• ABOUT THIS TASK: The output must consist only of the lines from the one with "In der Übersetzungsphase" through the end of the listing, restated exactly and free of pictures.

• DATA PROVIDED:

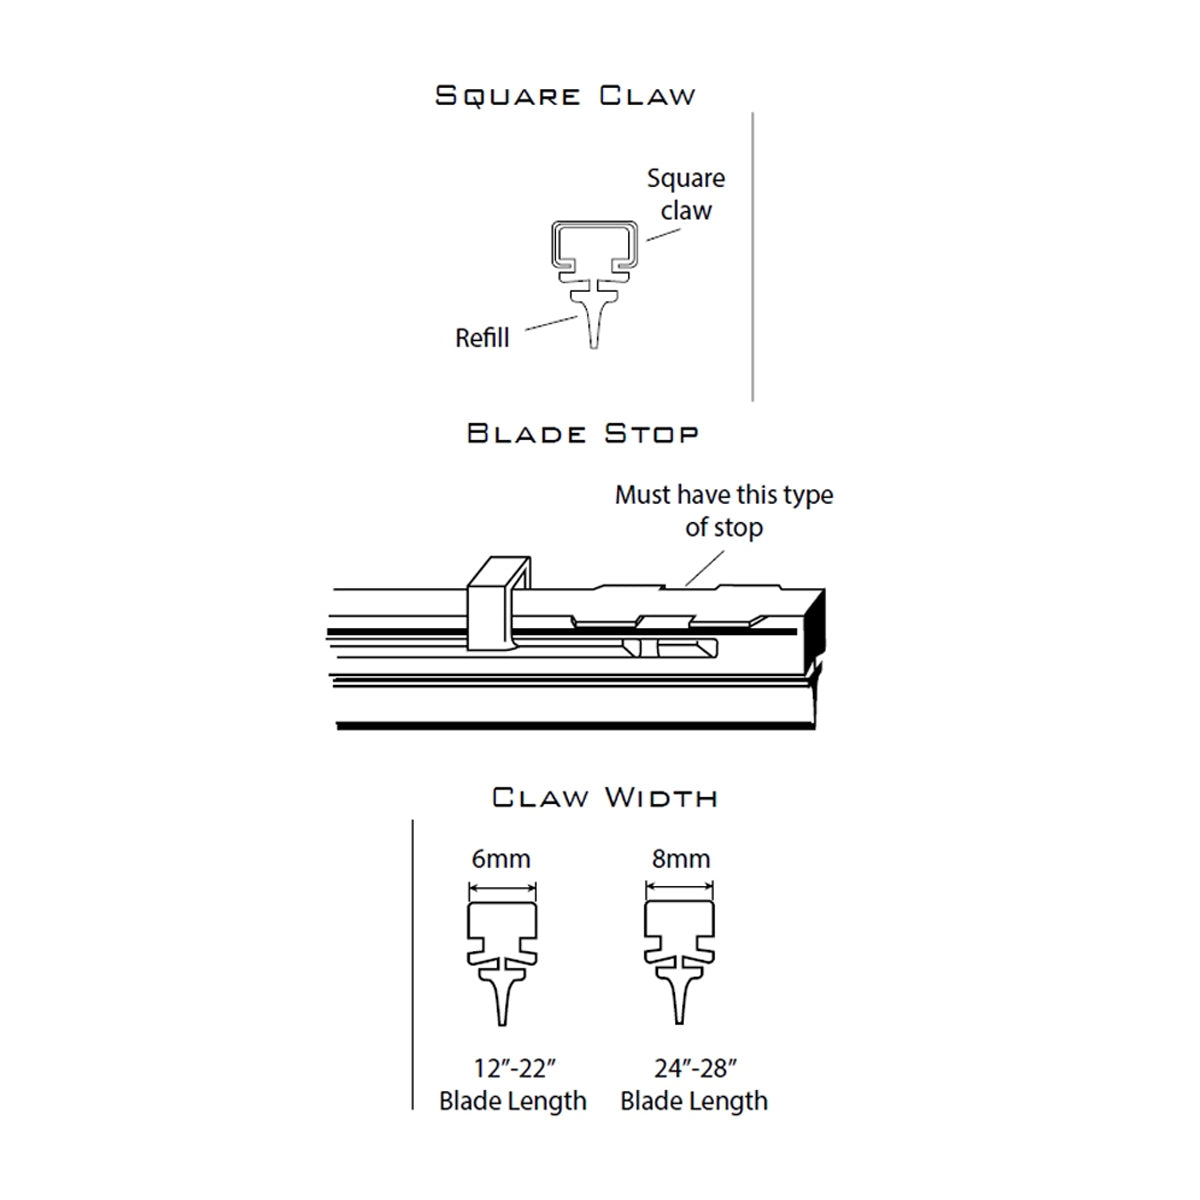 PIAA SILICONE WIPER REFILL for Radix & Aero Vogue Blade ( 19" ) ( 6mm ) (Barcode: 722935940489 )
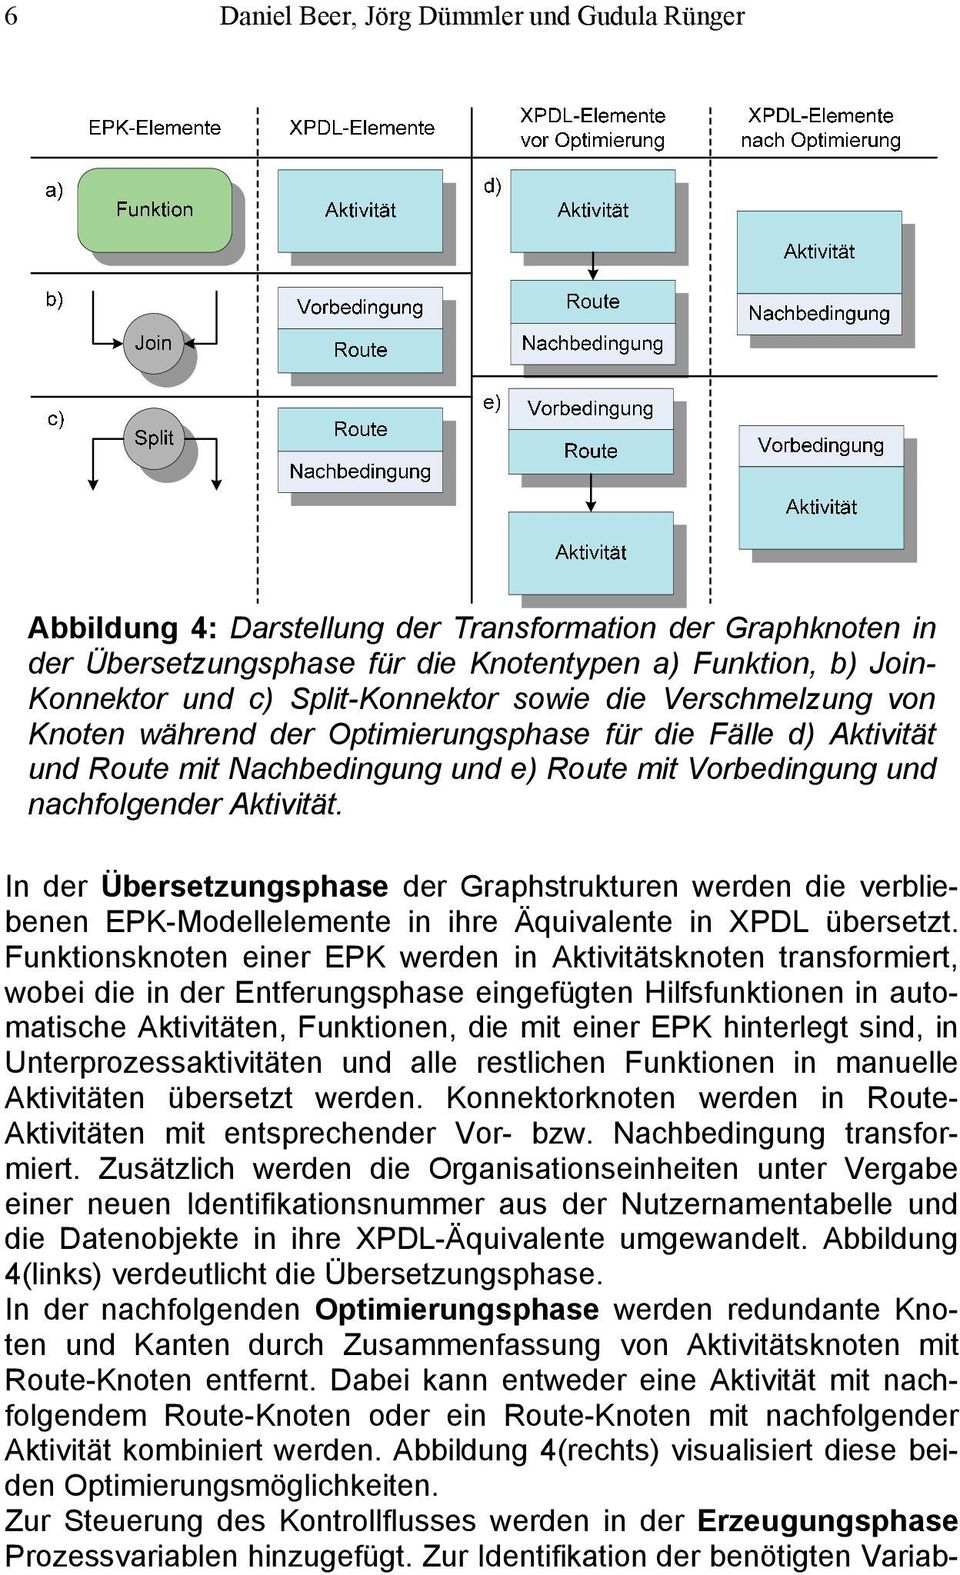 In der Übersetzungsphase der Graphstrukturen werden die verbliebenen EPK-Modellelemente in ihre Äquivalente in XPDL übersetzt.
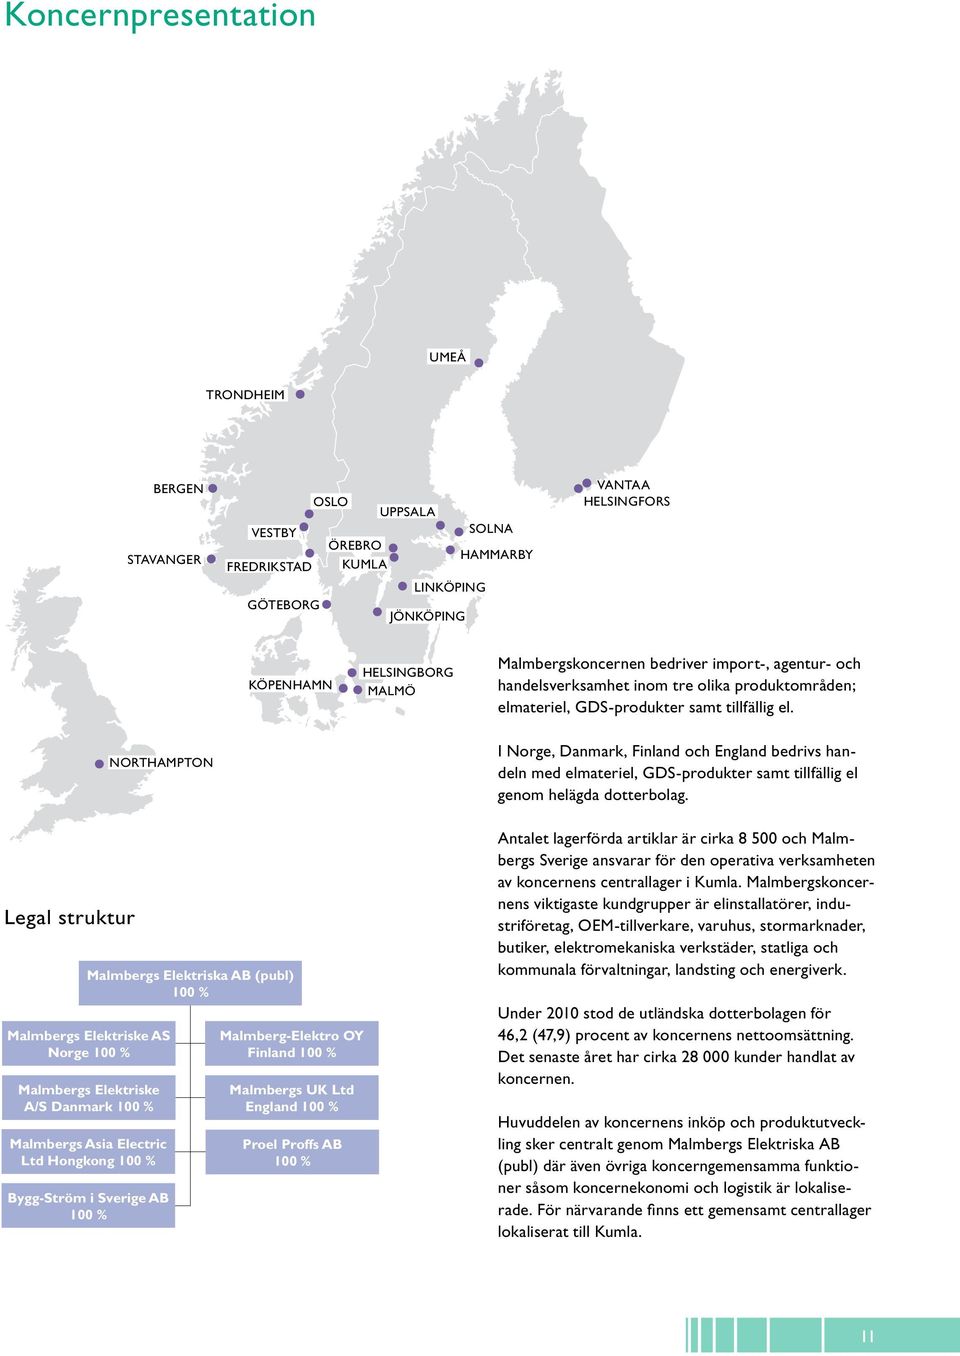 NORTHAMPTON I Norge, Danmark, Finland och England bedrivs handeln med elmateriel, GDS-produkter samt tillfällig el genom helägda dotterbolag.

• WRITTEN ANSWER:
 In der Übersetzungsphase der Graphstrukturen werden die verbliebenen EPK-Modellelemente in ihre Äquivalente in XPDL übersetzt.
 NORTHAMPTON I Norge, Danmark, Finland och England bedrivs handeln med elmateriel, GDS-produkter samt tillfällig el genom helägda dotterbolag.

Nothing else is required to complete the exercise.